As the scenario planners put it, the question of leaded gasoline’s health risks to the general public was a known unknown. We knew there was a legitimate question that needed answering, but big industry just steamrollered over the whole investigation for almost half a century. The health risk posed by Freon was a more mercurial beast: an unknown unknown. There was no way of answering the question — are CFCs bad for the health of the planet? — in 1928, and no real hint that it was even a question worth asking. Have we gotten better at imagining those unimaginable threats? It seems possible, maybe even likely, that we have, thanks to a loose network of developments: science fiction, scenario planning, environmental movements and, recently, the so-called longtermists, among them Toby Ord. But blank spots on the map of understanding are blank spots. It’s hard to see past them.

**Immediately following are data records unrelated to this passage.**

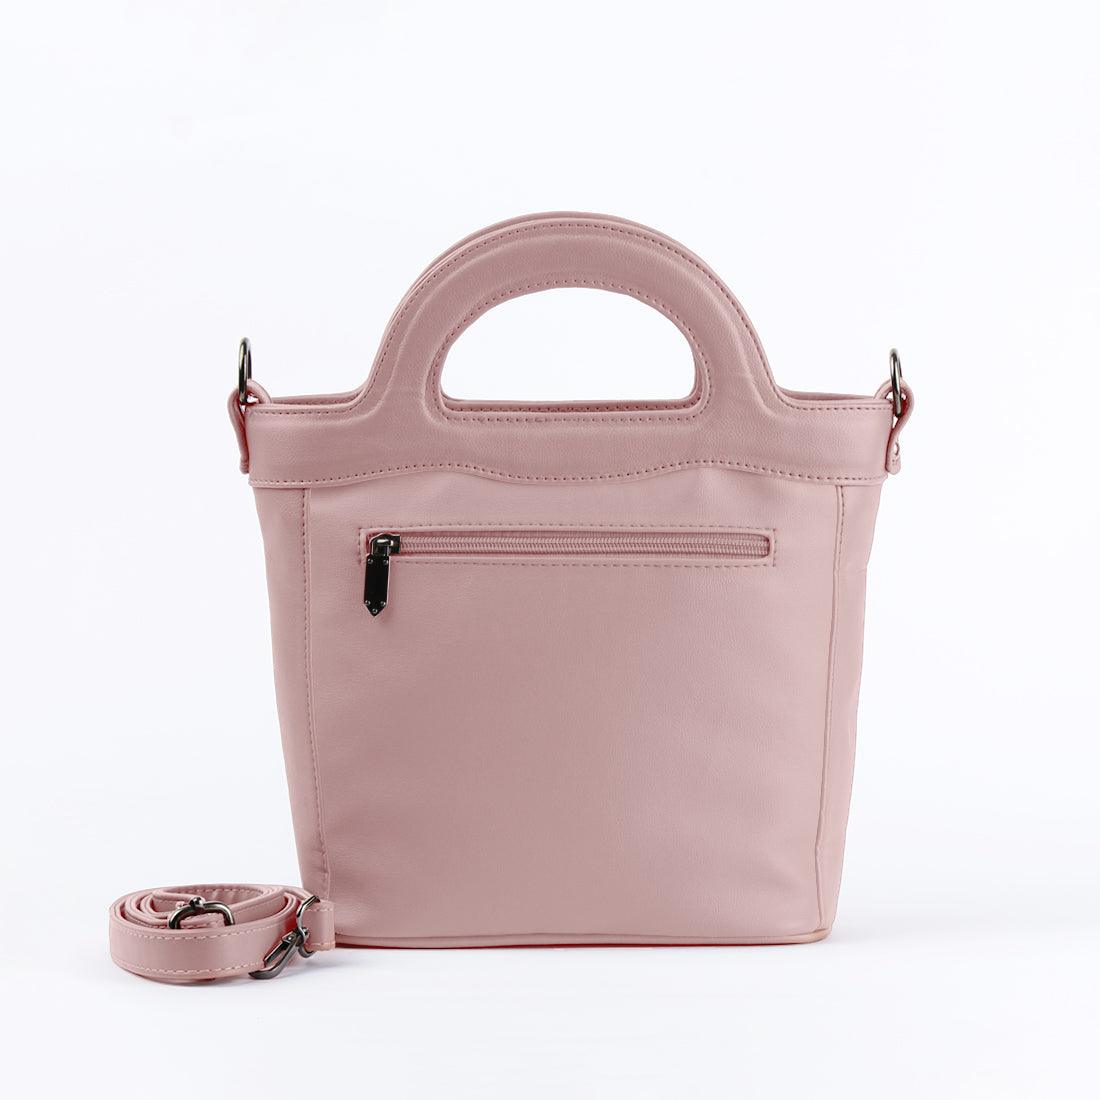 Rose Top Handle Handbag Bonjour - CANVAEGYPT
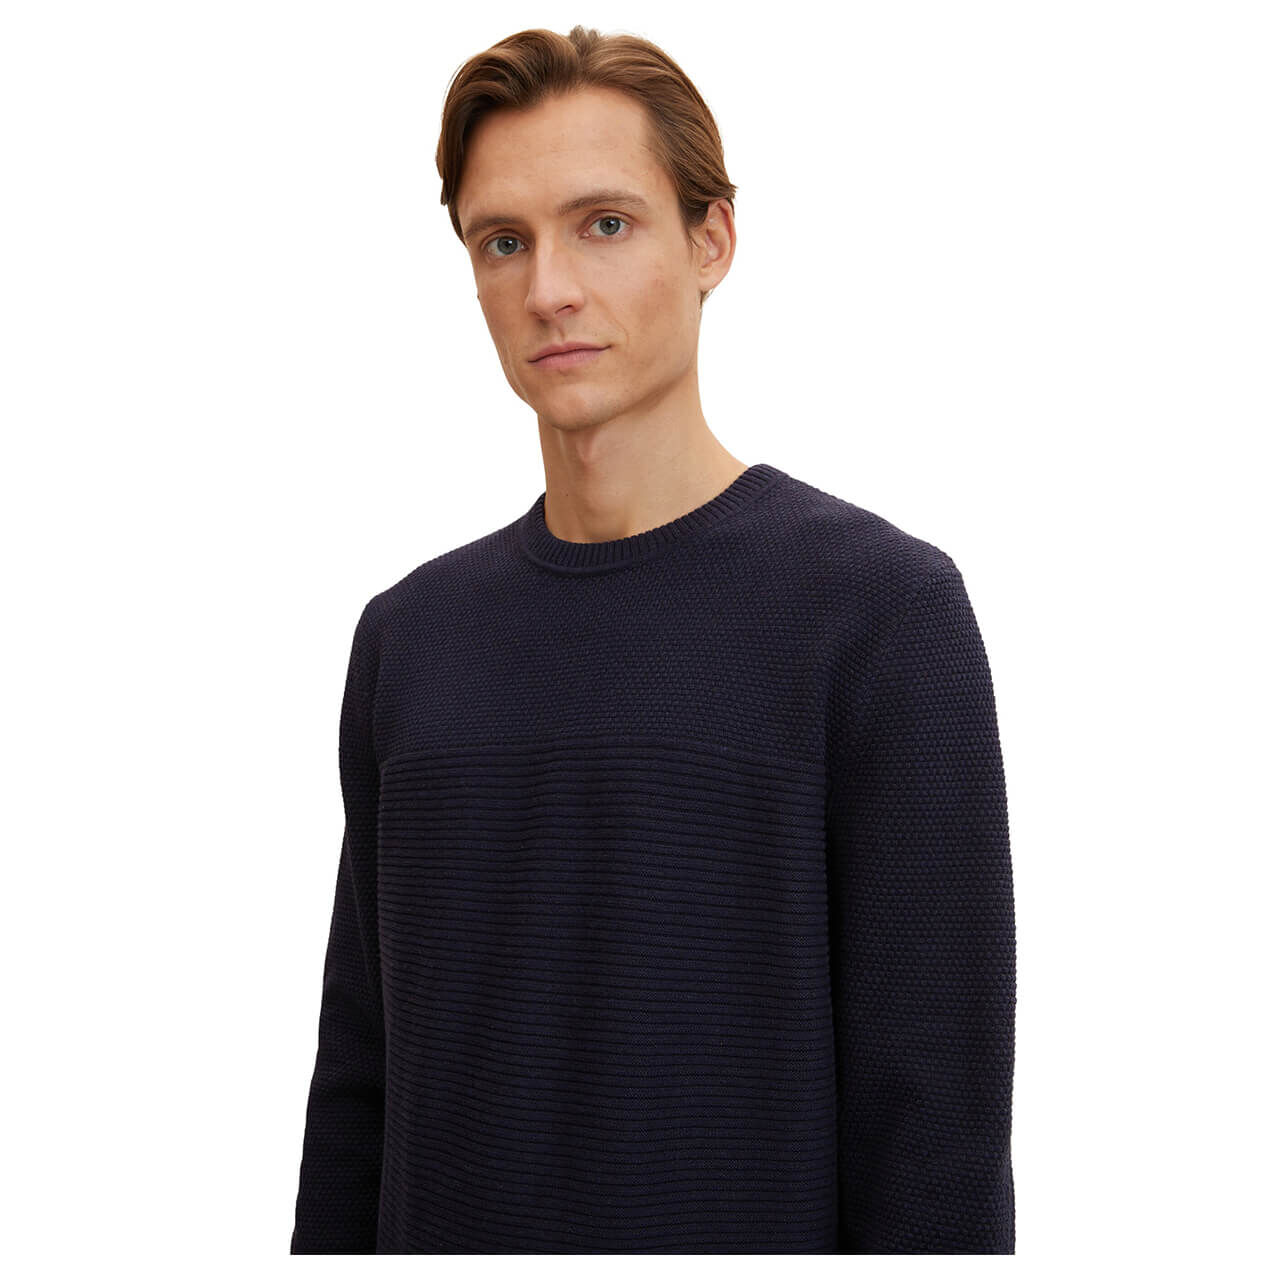 Tom Tailor Herren Basic Structured Knit Pullover navy melange
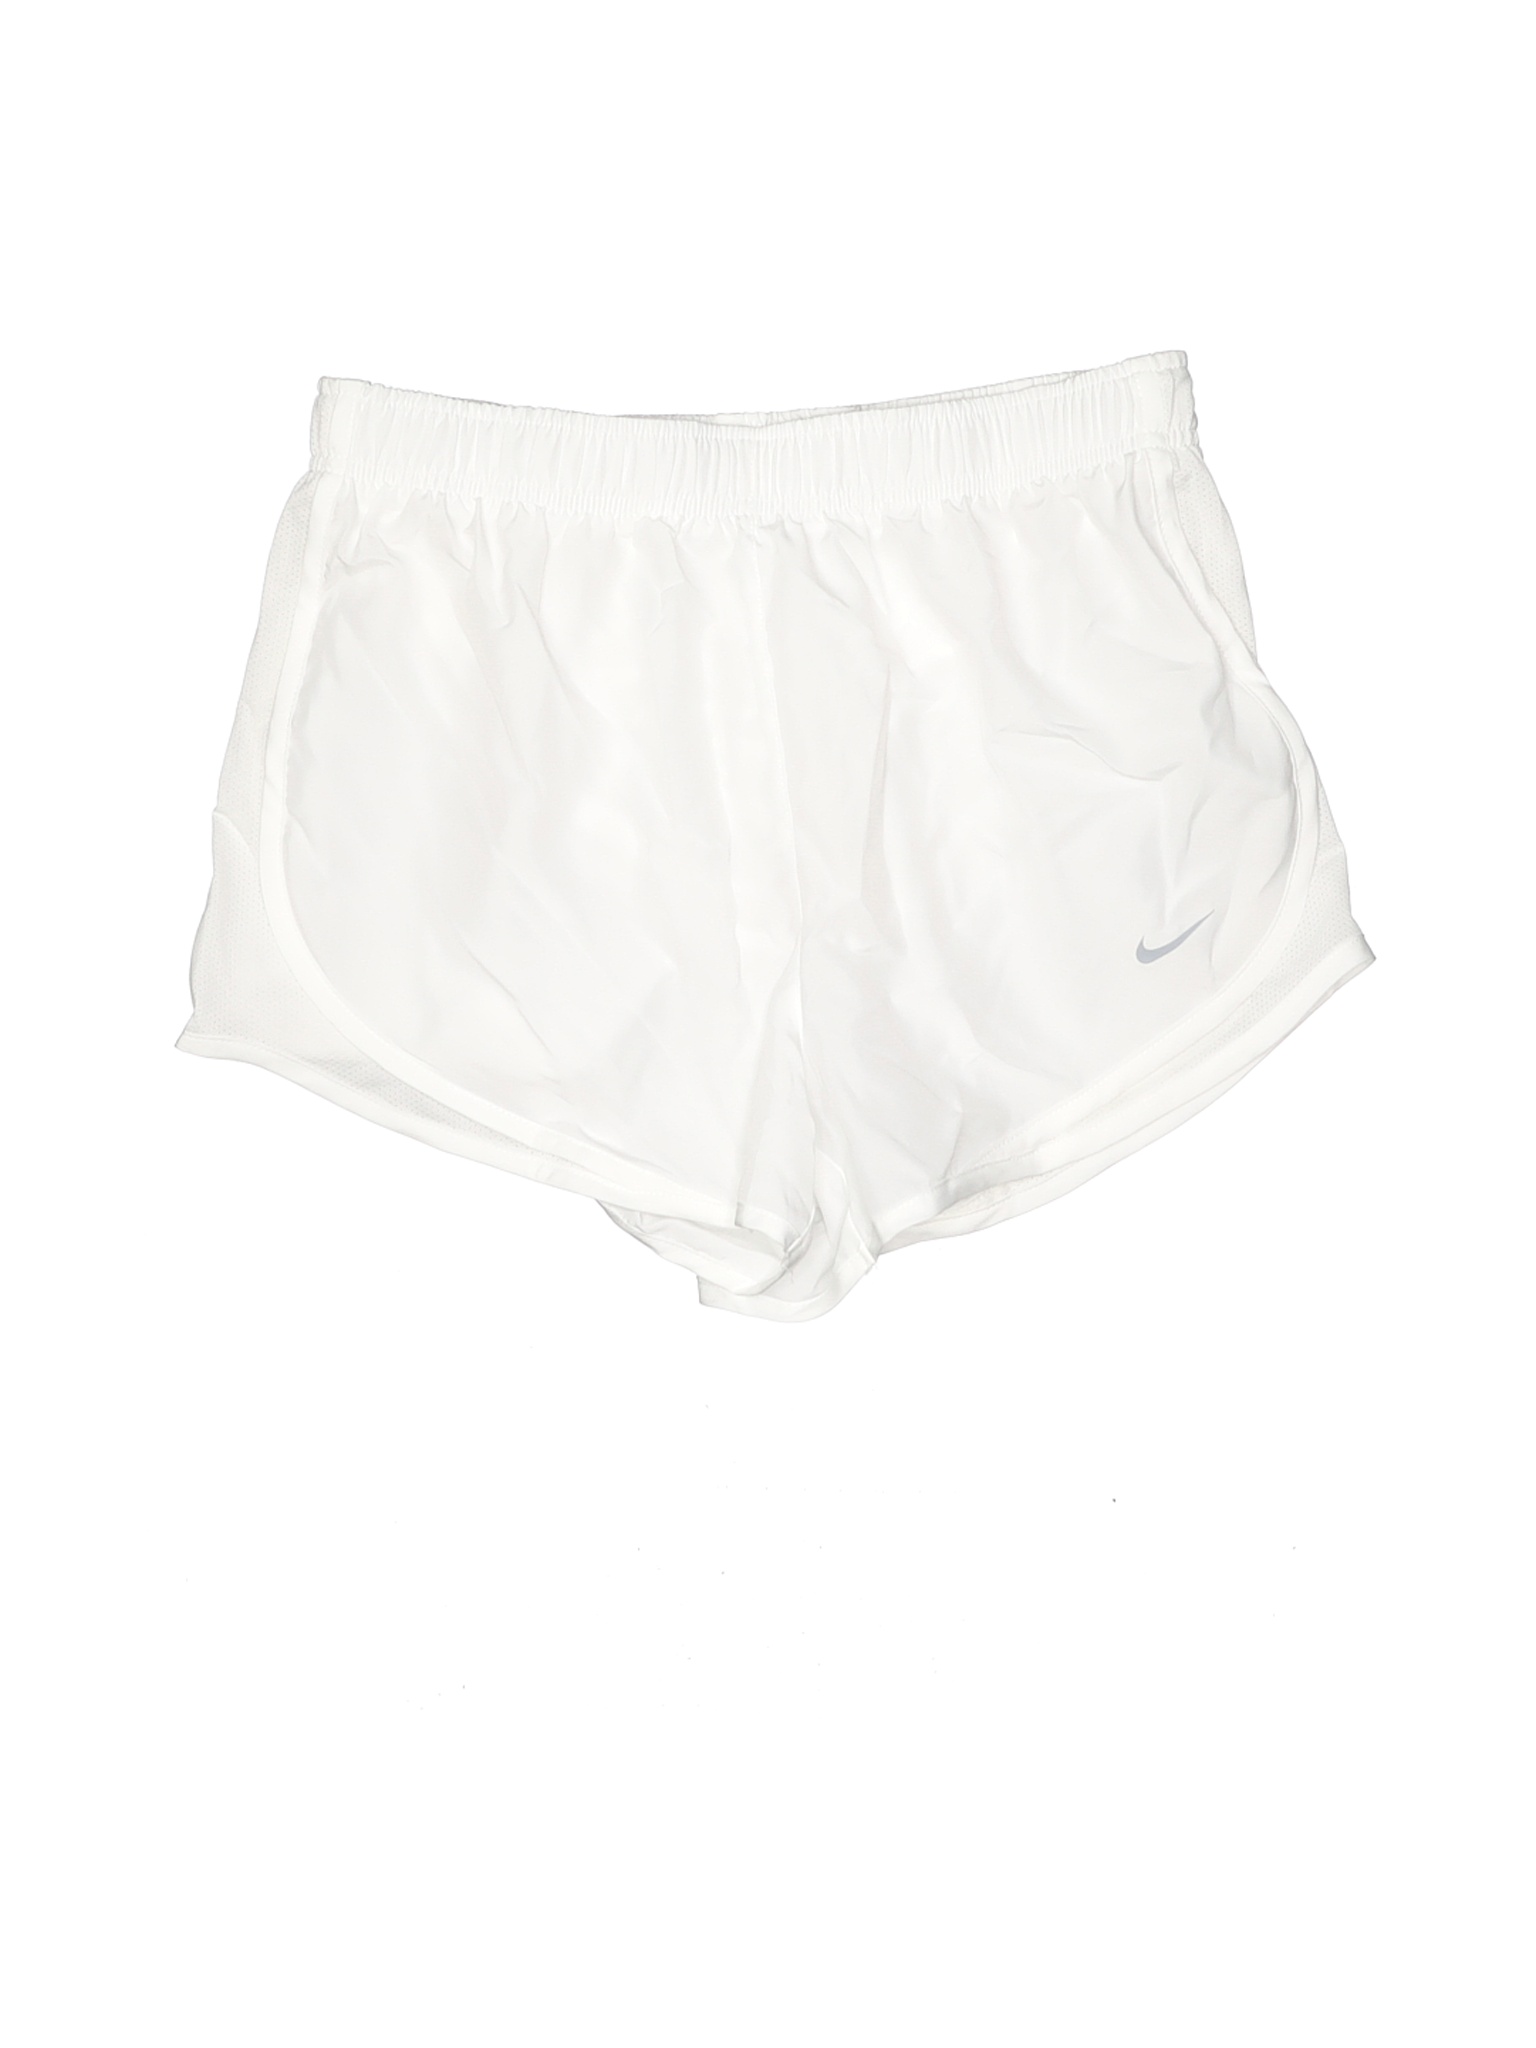 Nike Women White Athletic Shorts M | eBay
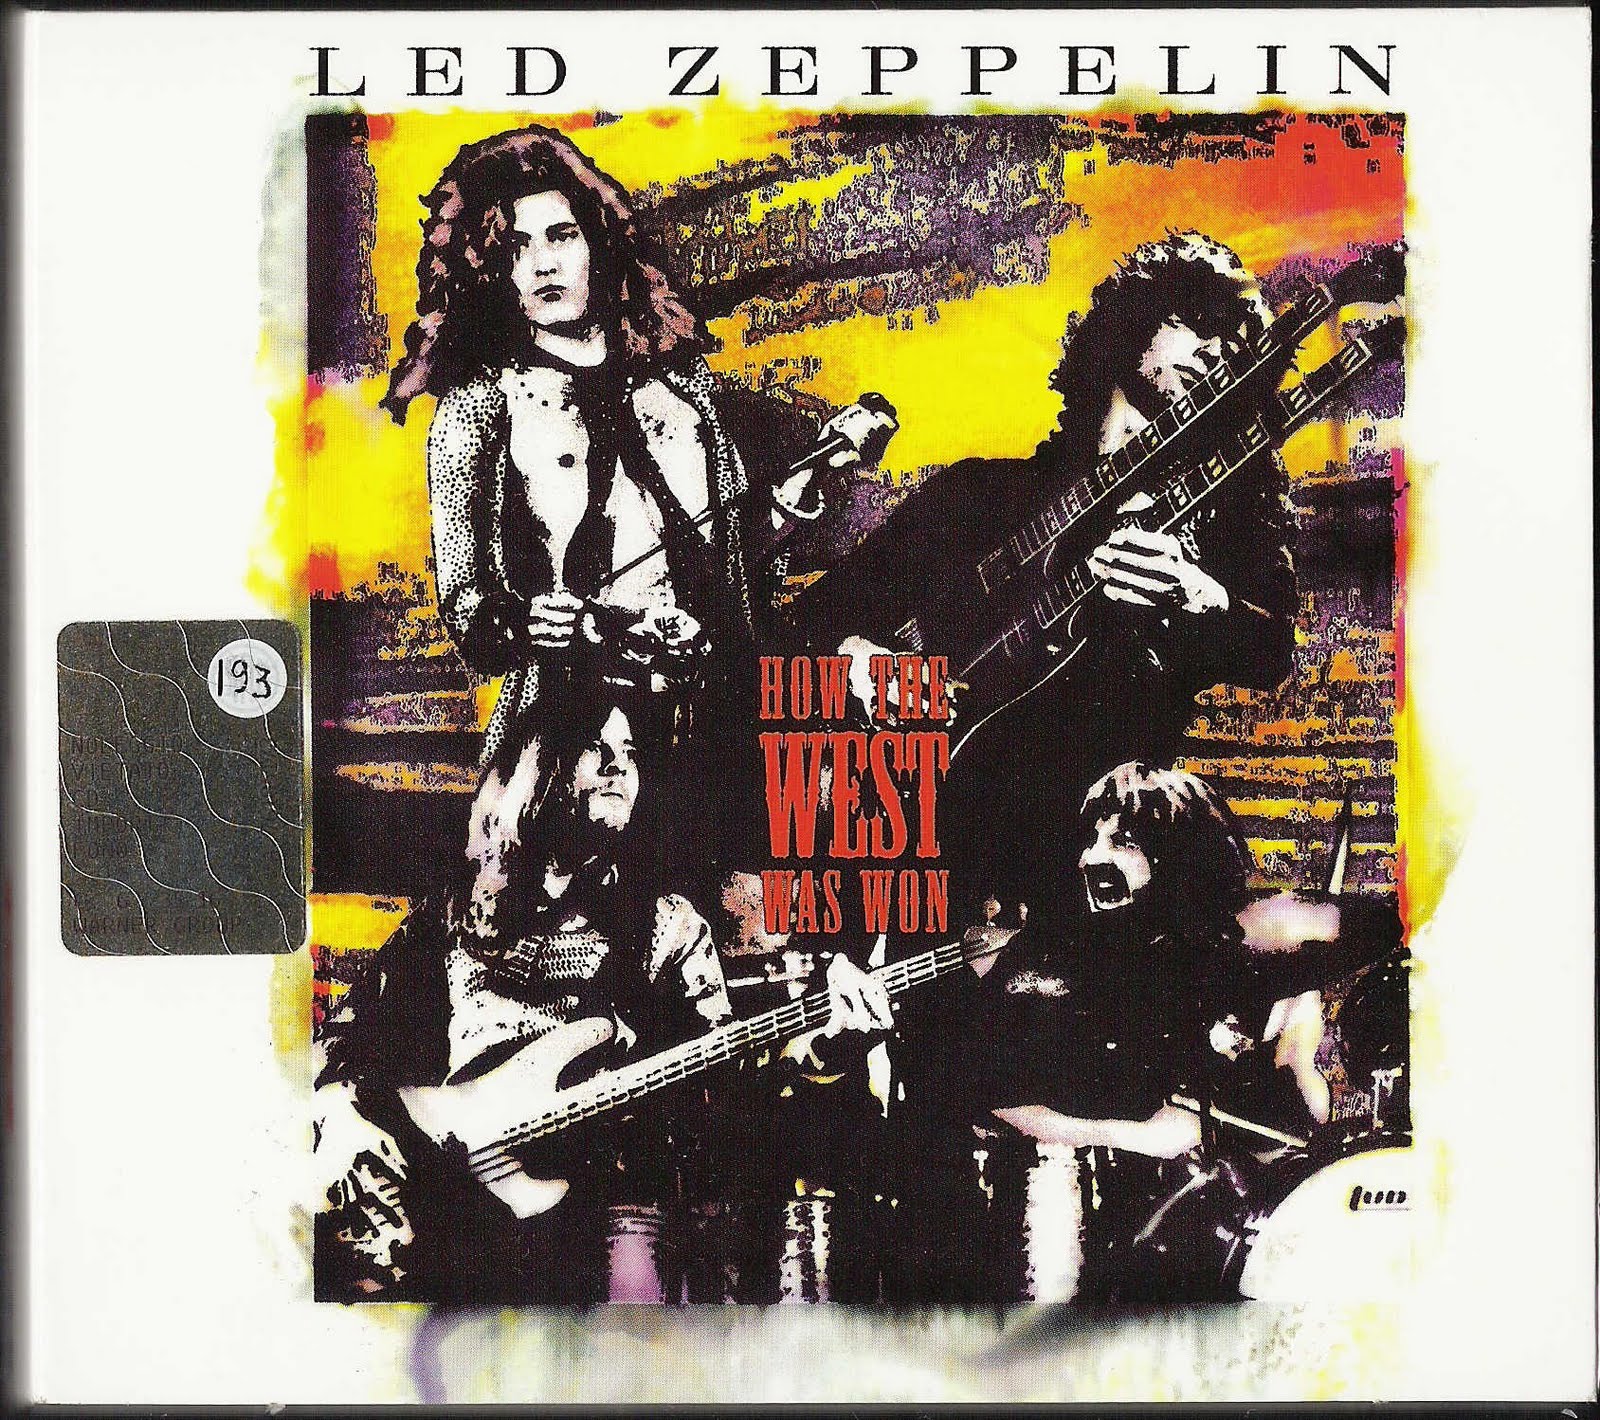 Early Days Latter Days: Vol 1 2 - Led Zeppelin

This is where the time-horizon question becomes essential. The longtermists get a lot of grief for focusing on distant sci-fi futures — and ignoring our present-day suffering — but from a certain angle, you can interpret the Midgley story as rebuttal to those critics. Saturating our inner cities with toxic levels of ambient lead for more than half a century was a terrible idea, and if we had been thinking about that decades-long time horizon back in 1923, we might have been able to make another choice — perhaps embracing ethanol instead of Ethyl. And the results of that longtermism would have had a clear progressive bias. The positive impact on low-income, marginalized communities would have been far greater than the impact on affluent entrepreneurs tending to their lawns in the suburbs. If you gave a present-day environmental activist a time machine and granted them one change to the 20th century, it’s hard to imagine a more consequential intervention than shutting down Thomas Midgley’s lab in 1920.

But the Freon story suggests a different argument. There was no use expanding our time horizon in evaluating the potential impact of CFCs, because we simply didn’t have the conceptual tools to do those calculations. Given the acceleration of technology since Midgley’s day, it’s a waste of resources to try to imagine where we will be 50 years from now, much less 100. The future is simply too unpredictable, or it involves variables that are not yet visible to us. You can have the best of intentions, running your long-term scenarios, trying to imagine all the unintended secondary effects. But on some level, you’ve doomed yourself to chasing ghosts.

The acceleration of technology casts another ominous shadow on Midgley’s legacy. Much has been made of his status as a “one-man environmental disaster,” as The New Scientist has called him. But in actuality, his ideas needed an enormous support system — industrial corporations, the United States military — to amplify them into world-changing forces. Kettering and Midgley were operating in a world governed by linear processes. You had to do a lot of work to produce your innovation at scale, if you were lucky enough to invent something worth scaling. But much of the industrial science now exploring the boundaries of those blank spots — synthetic biology, nanotech, gene editing — involves a different kind of technology: things that make copies of themselves. Today the cutting-edge science of fighting malaria is not aerosol spray cans; it’s “gene drive” technology that uses CRISPR to alter the genetics of mosquitoes, allowing human-engineered gene sequences to spread through the population — either reducing the insects’ ability to spread malaria or driving them into extinction. The giant industrial plants of Midgley’s age are giving way to nanofactories and biotech labs where the new breakthroughs are not so much manufactured as they are grown. A recent essay in The Bulletin of the Atomic Scientists estimated that there are probably more than 100 people now with the skills and technology to single-handedly reconstruct an organism like the smallpox virus, Variola major, perhaps the greatest killer in human history.